Dayton Triangles’ Impact on Early Records
Lee Fenner deserves special recognition for playing with the Triangles every year from 1916 to 1929 — a total of 14 seasons. He weighed only 150 pounds during his playing days, and accomplished the additional feat of playing for two entire seasons without being taken out of a game.
By the late 1920s, the Racine Cardinals moved to Comiskey Park and become known as the Chicago Cardinals. The Decatur Staleys moved into Chicago and became the Chicago Bears. Of the remaining eight charter-member teams which attended the league’s organizational meeting on September 17, 1920, seven had folded. Of the ten charter-member teams of the NFL, only the Dayton Triangles remained playing as originally organized.
On July 12, 1930, the Dayton Triangle franchise was purchased by syndicate from Brooklyn headed by John Dwyer. He moved the franchise to Brooklyn, New York, and renamed the team the Brooklyn Dodgers.
Triangle manager Carl Storck continued to serve the NFL. When Joe Carr, NFL president since 1921, died in Columbus on May 20, 1939, the NFL named Dayton’s Storck as acting president five days later. He served in that post for almost two years, resigning due to poor health, on April 5, 1941. He was replaced by the NFL’s first commissioner, Elmer Layden of Notre Dame.
In 1989, the NFL celebrated its seventieth season of play with little fanfare regarding the Dayton Triangles’ key role in the founding and early history of the league.
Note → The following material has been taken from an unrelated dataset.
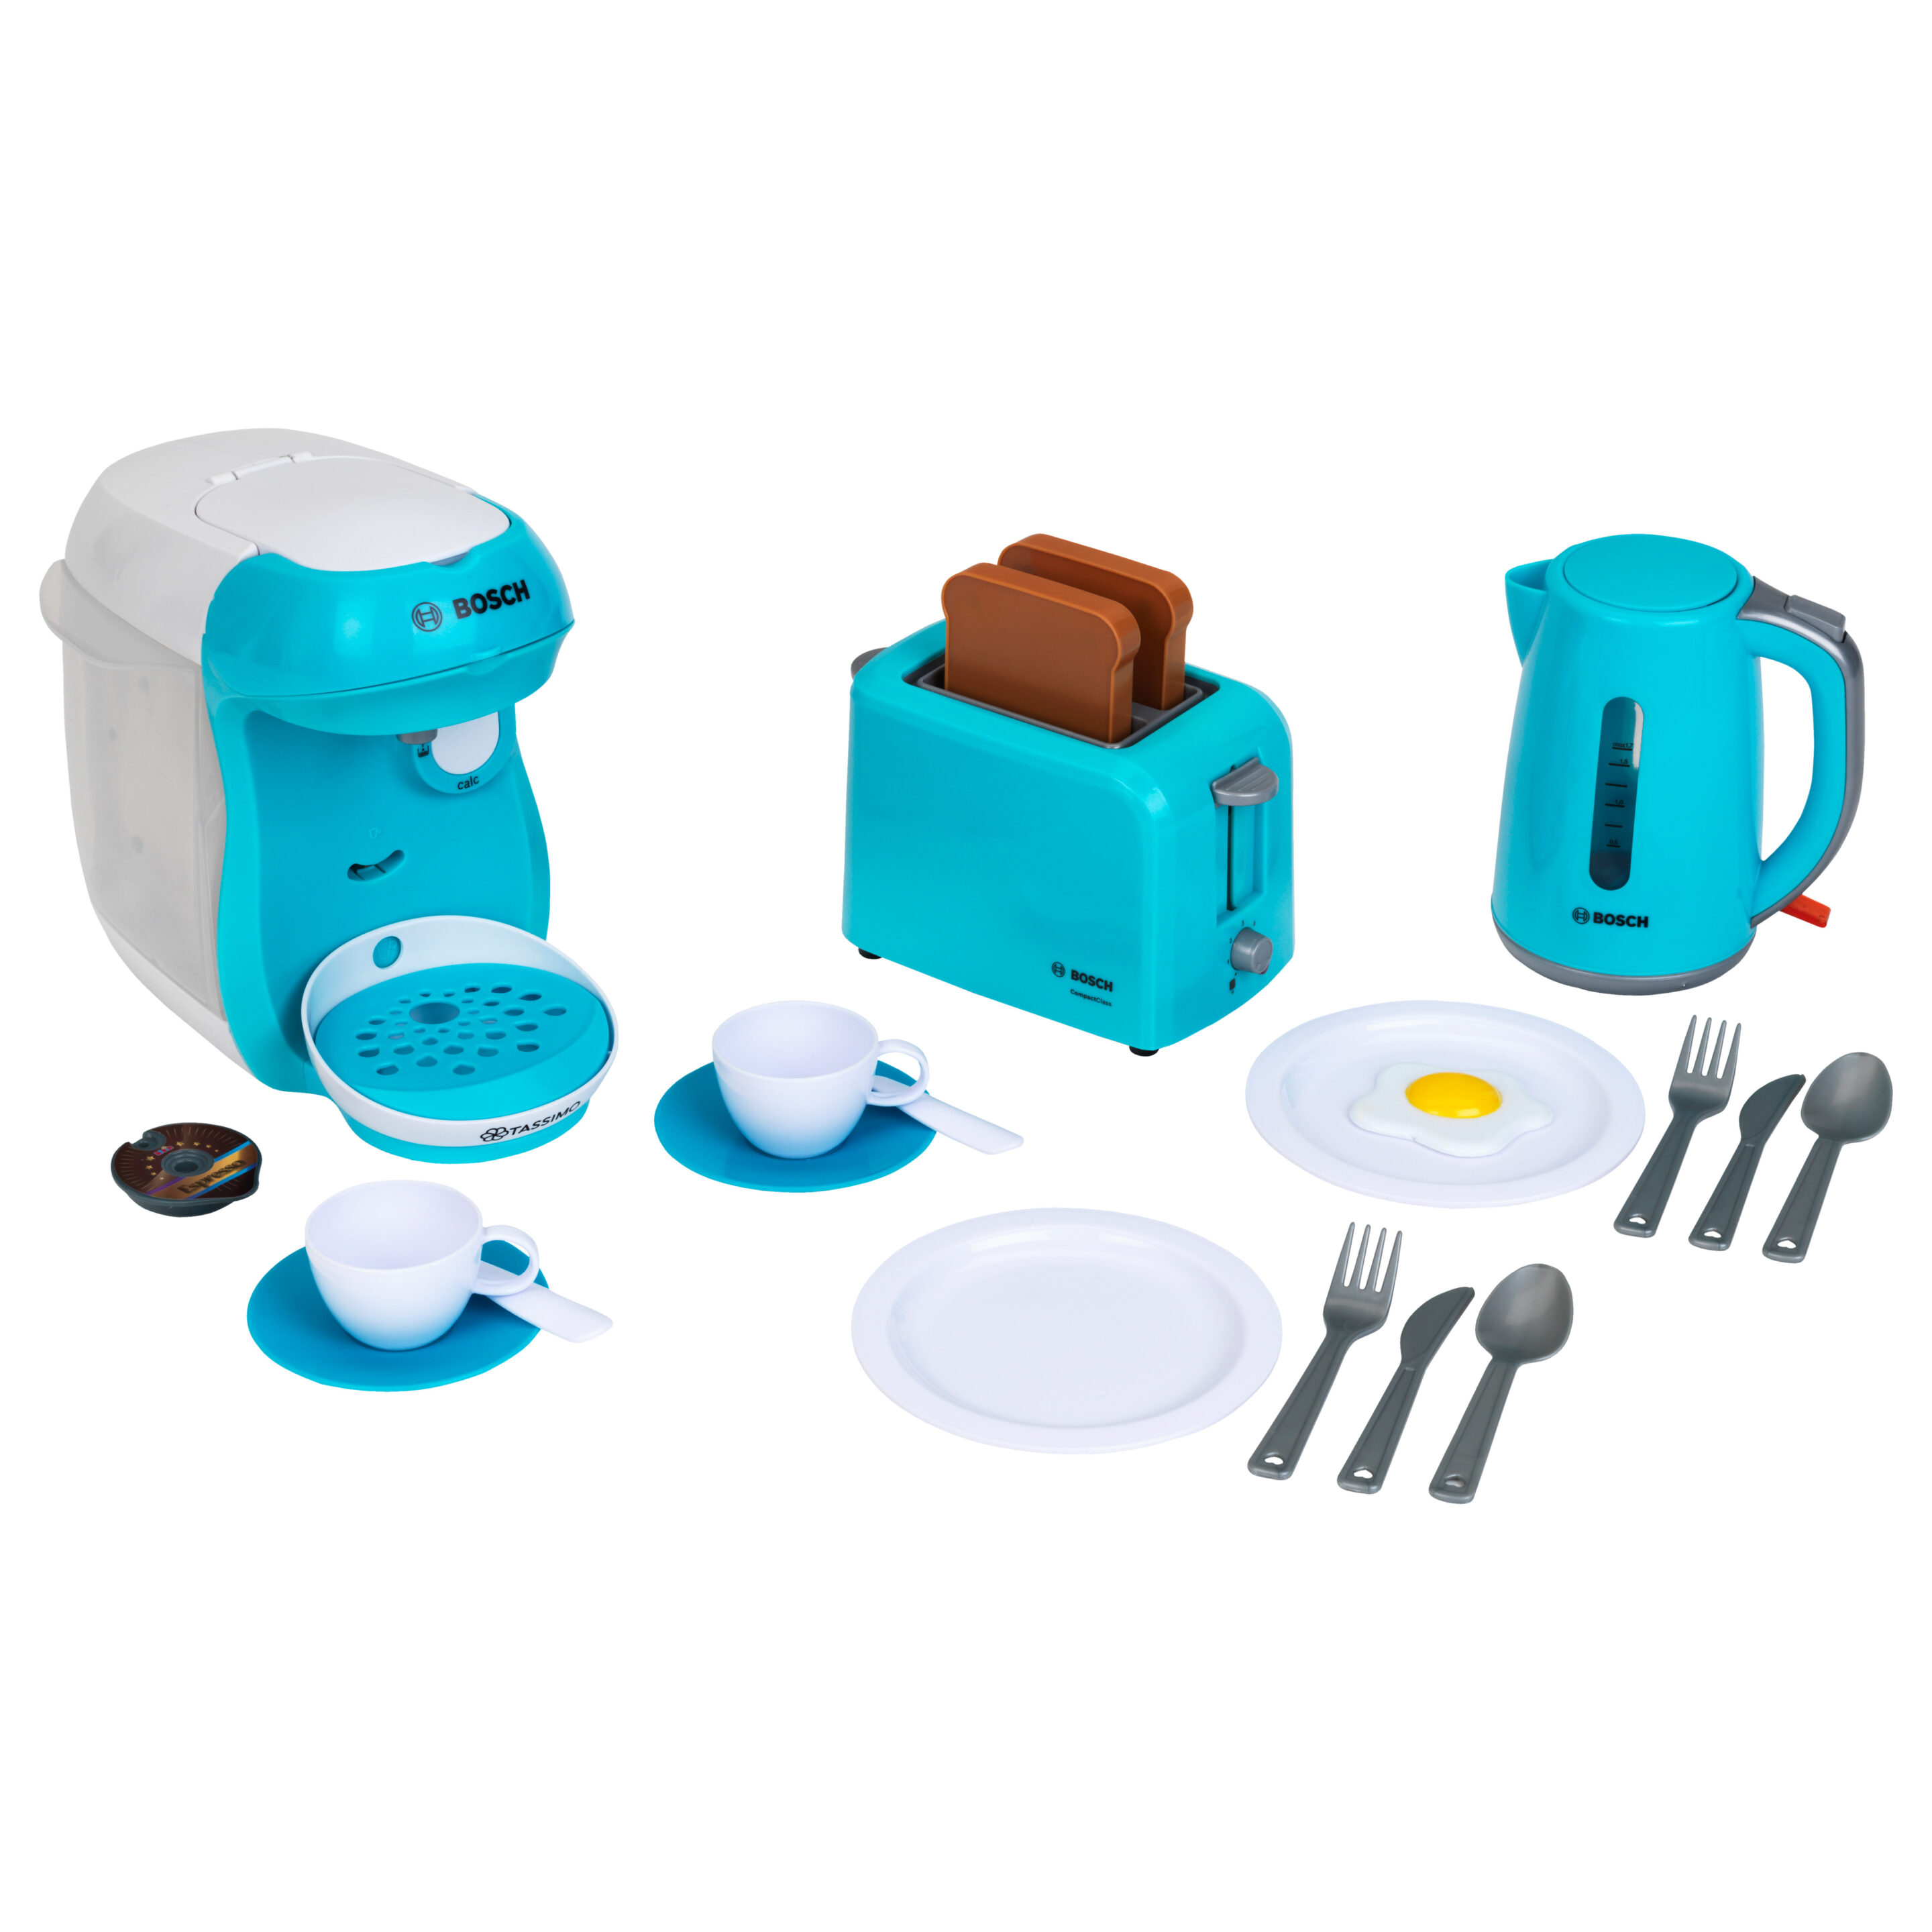 Bosch - Breakfast Set, turquoise, large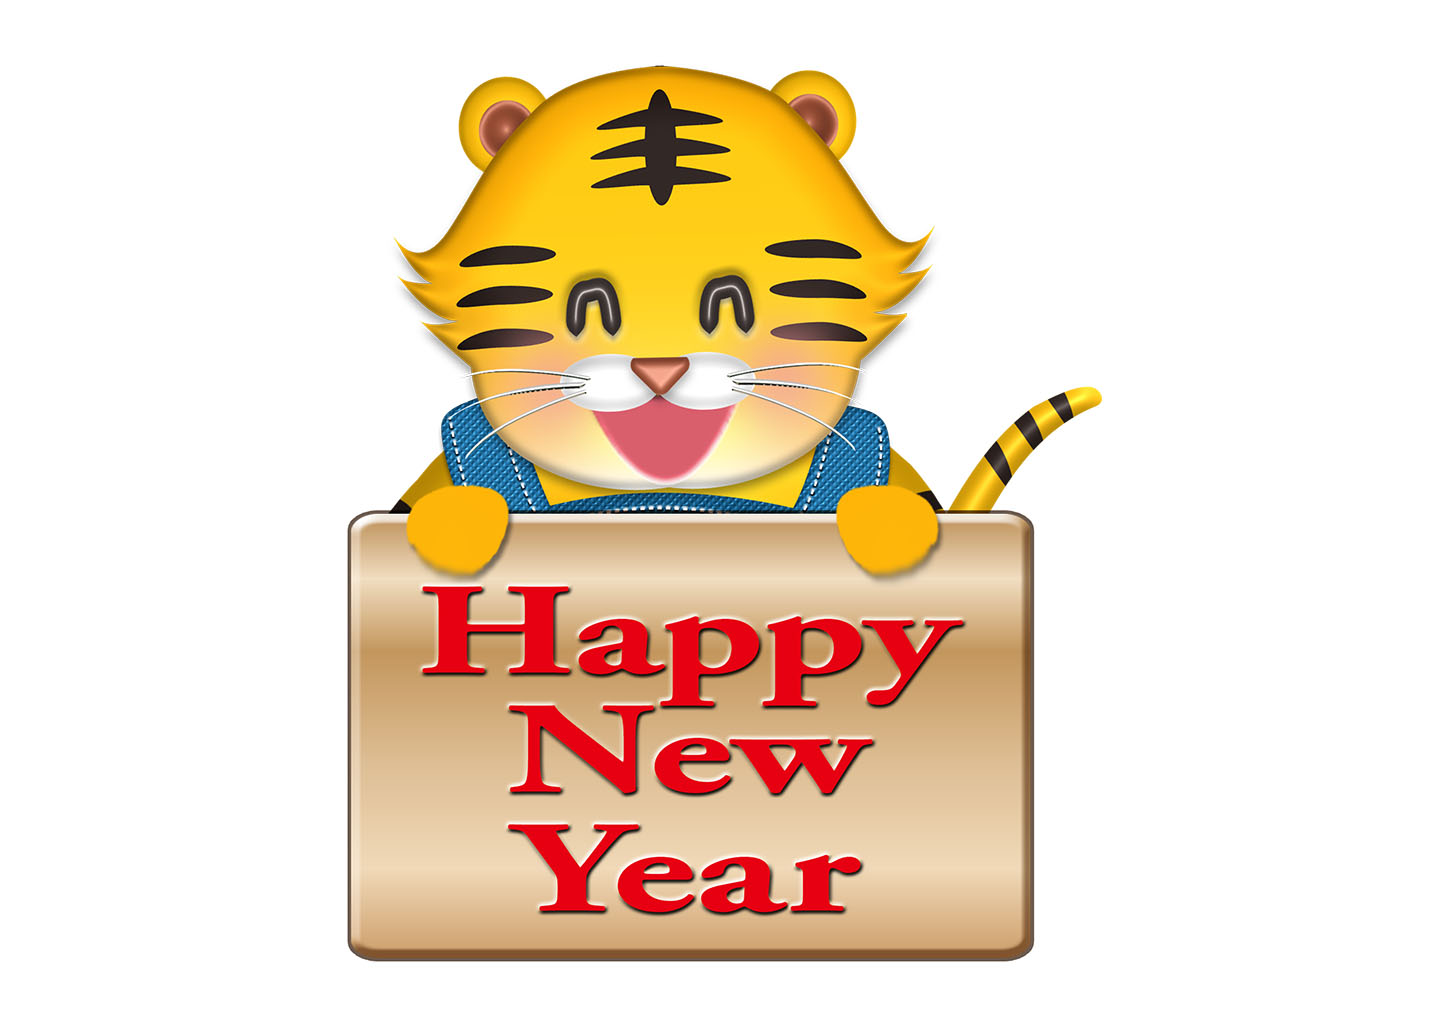 Happy New Yearボードを持つ虎のイラスト

The Dayton Triangles team was one of the charter members of the National Football League. The first league game played in the NFL was played in Dayton at Triangle Park on October 3, 1920. The first touchdown in the NFL was scored in that game by Lou Partlow of the Dayton Triangles.
In addition, Dayton provided one the league’s organizational founding fathers, the manager of the Triangles, Carl Storck.
Carl Storck participated in all of the league’s first organizational meetings and served the National Football League for the first 21 years of its existence. He served as the NFL’s President for two of those years in his office in the Winters Building in downtown Dayton, Ohio.